Durante os últimos 15 anos foram descobertas várias alterações ao código genético em seres procariótas e eucariótas. Esta descoberta demoliu o dogma central da Biologia Molecular que postulava a existência de um código genético universal e imutável mas não respondeu à questão fundamental de “como é que os organismos sobrevivem a alterações ao código genético?”. Esta questão gerou intenso debate no meio científico, o qual, levou ao desenvolvimento de uma teoria neutral para a evolução de códigos genéticos alternativos, que, em termos gerais, os considera aberrações da natureza. Estudos recentes, efectuados no nosso laboratório indicam, contudo, que alterações ao código genético podem, em determinadas condições fisiológicas, ser muito vantajosas pois permitem evolução acelerada de novos fenótipos, criando, assim, uma importante vantagem selectiva.

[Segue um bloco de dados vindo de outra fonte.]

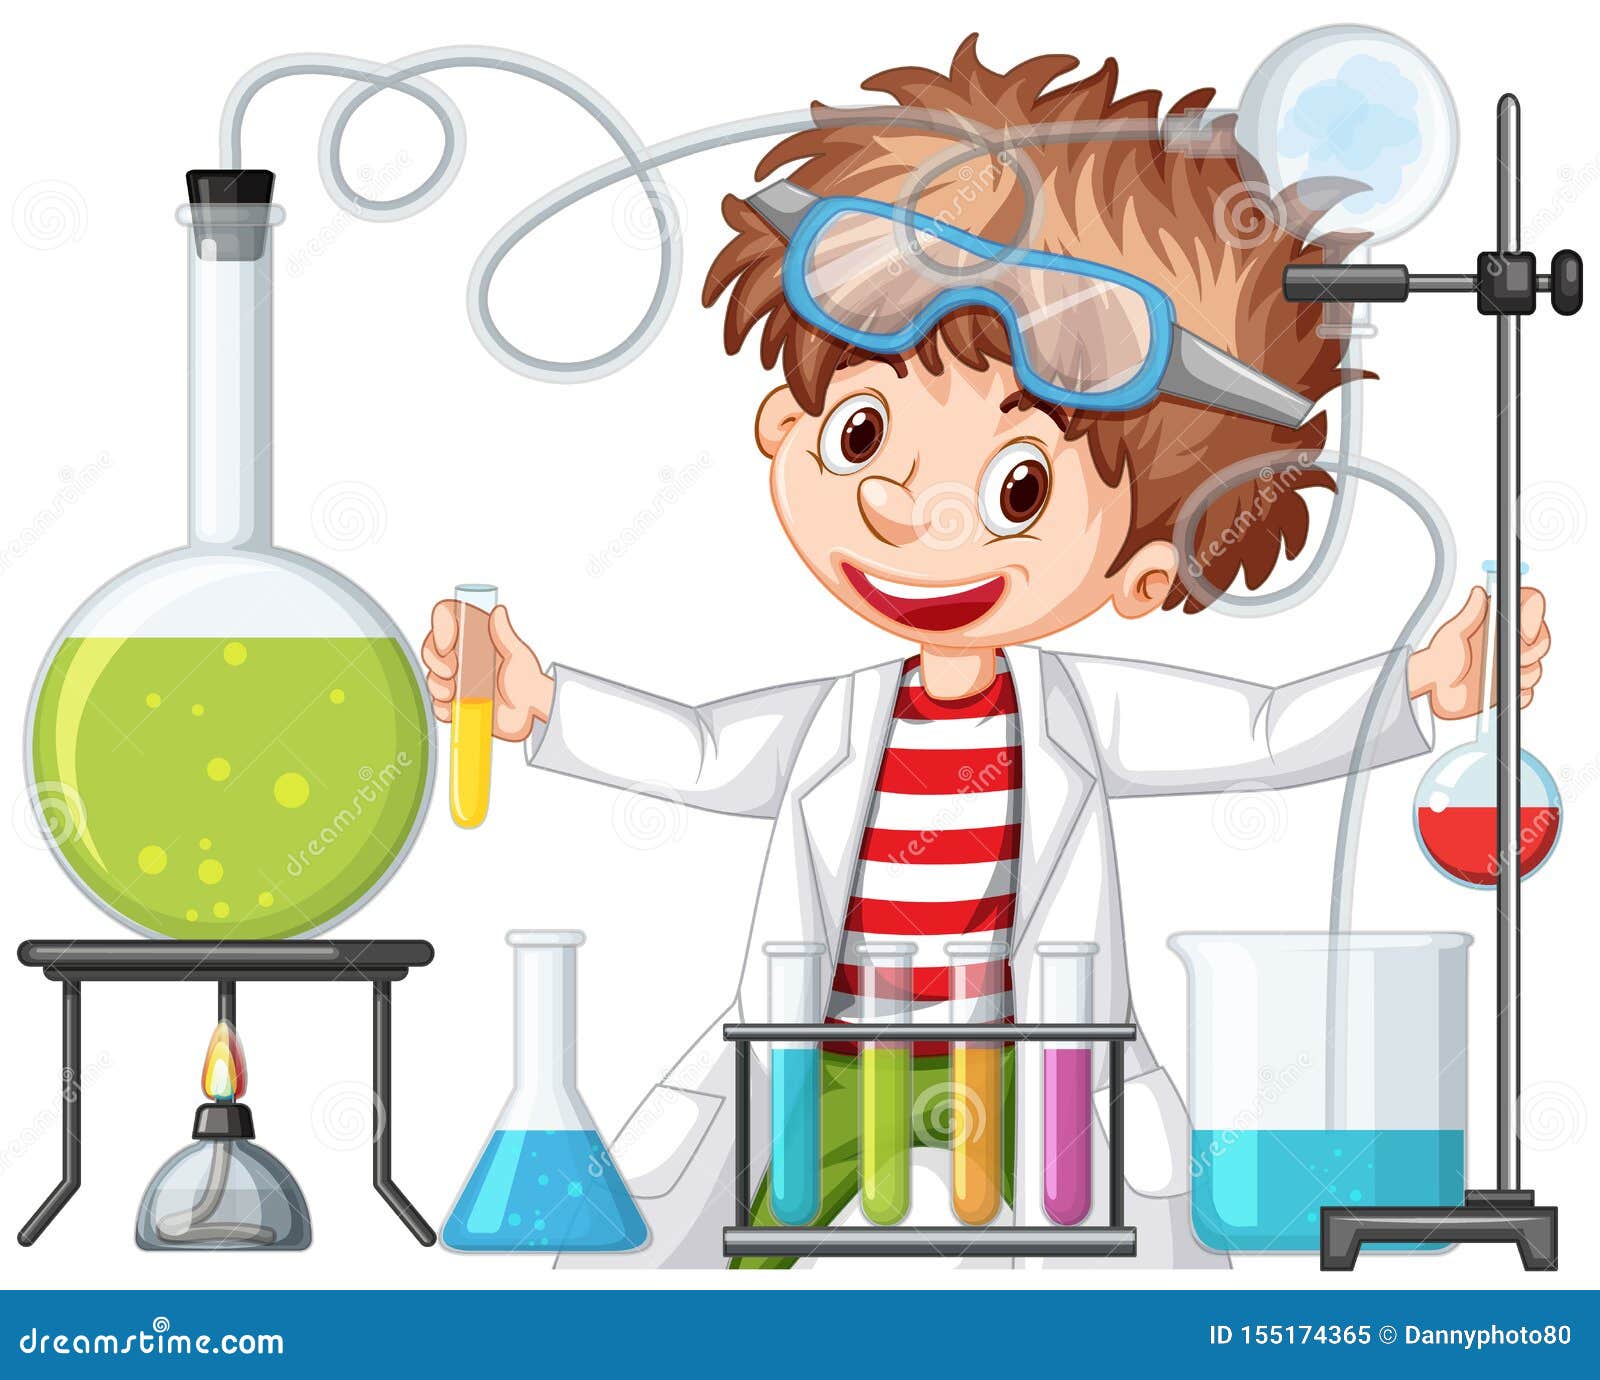 Рамка опыты и эксперименты. Дети химики. Химия опыты для детей. Лаборатория для детей иллюстрация. Химия картинки для детей.
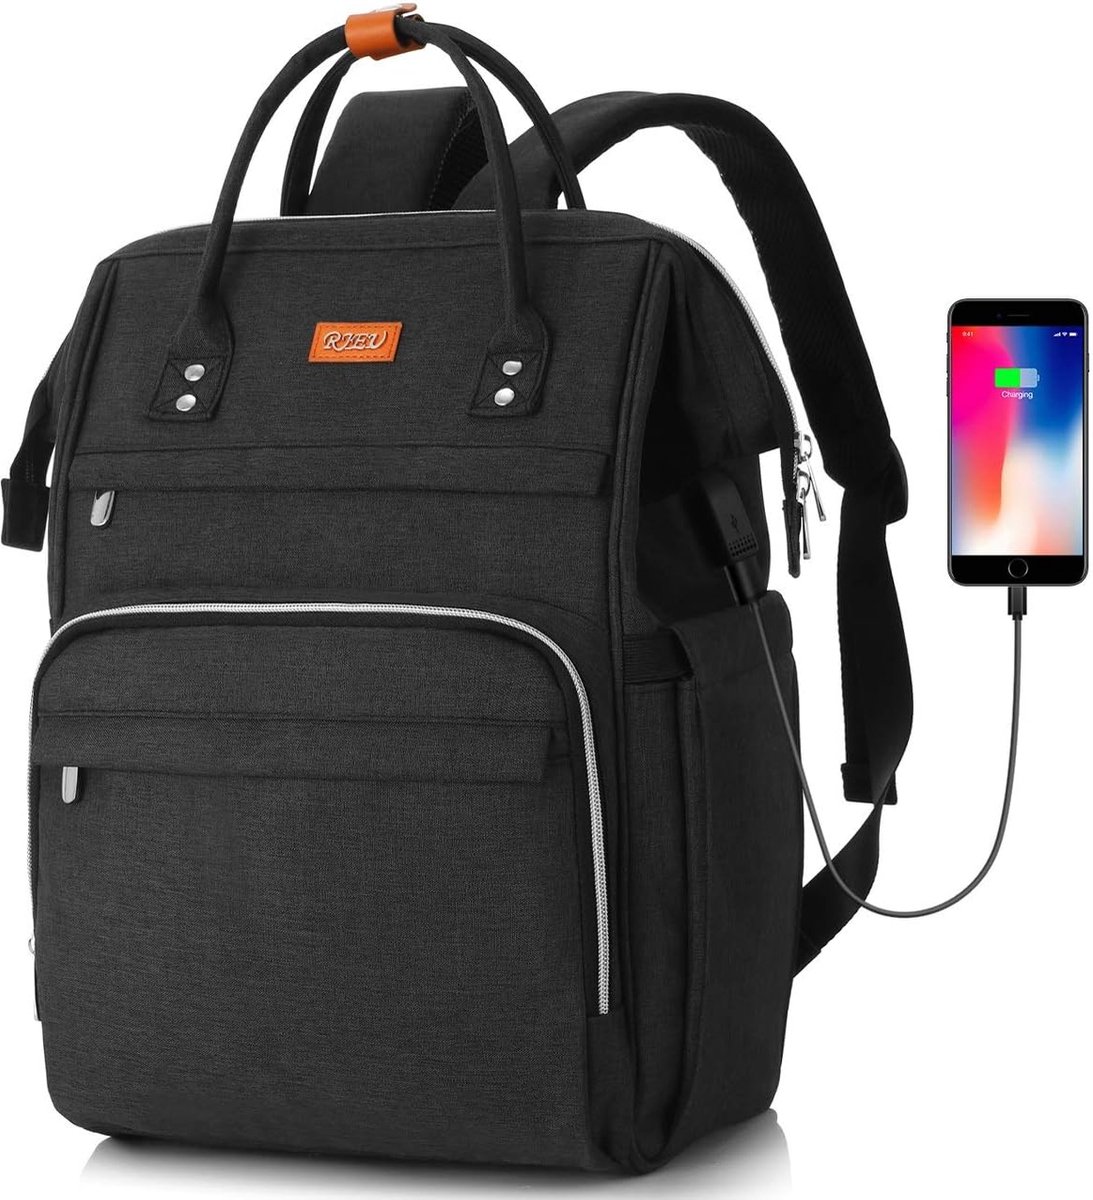 Rugzak met USB-poort - Zwart - 17.3 inch laptoptas - Voor school, werk, reizen - Rugtas met veel opbergruimte

Os nossos estudos sobre uma alteração ao código genético em Candida albicans mostraram, pela primeira vez, que alterações ao código genético podem ser dirigidas por selecção natural através de um mecanismo que introduz ambiguidade na descodificação do mRNA. Tal mecanismo introduz caos genético que é tóxico para a célula, contudo esta toxicidade é minimizada através de alterações na estrutura de um ser-tRNACAG que descodifica o codão-CUG de leucina como serina.
Esta alteração estrutural confere uma dupla identidade (serina e leucina) e propriedades descodificadores não-padrão ao ser-tRNACAG. Os elementos estruturais responsáveis pela sua dupla identidade, ou seja, o mecanismo de reconhecimento do ser-tRNA pelas aminoacil-tRNA sintetases de leucina e serina de C.albicans não é conhecido. Este projecto tem como objectivo principal a elucidação deste mecanismo. Para tal, os genes que codificam aquelas enzimas serão clonados, sequenciados e sobre-expressos em S.cerevisiae para facilitar a purificação das respectivas sintetases. Os motivos estruturais que conferem dupla identidade ao tRNA serão identificados in vitro estudando o impacto de mutações específicas na cinética de aminoacilação e in vivo usando metodologias de evolução forçada. Espera-se, assim, que este estudo contribua significativamente para: i) a elucidação daquele mecanismo de interacção RNA-proteína, que é fundamental para a descodificação do código genético, ii) esclarecer o papel das alterações estruturais do tRNA e das aminoacil-tRNA sintetases na evolução de códigos genéticos alternativos e iii) proporcionar novas oportunidades aos jovens cientistas portugueses de desenvolverem as suas carreiras numa área excitante da biologia molecular.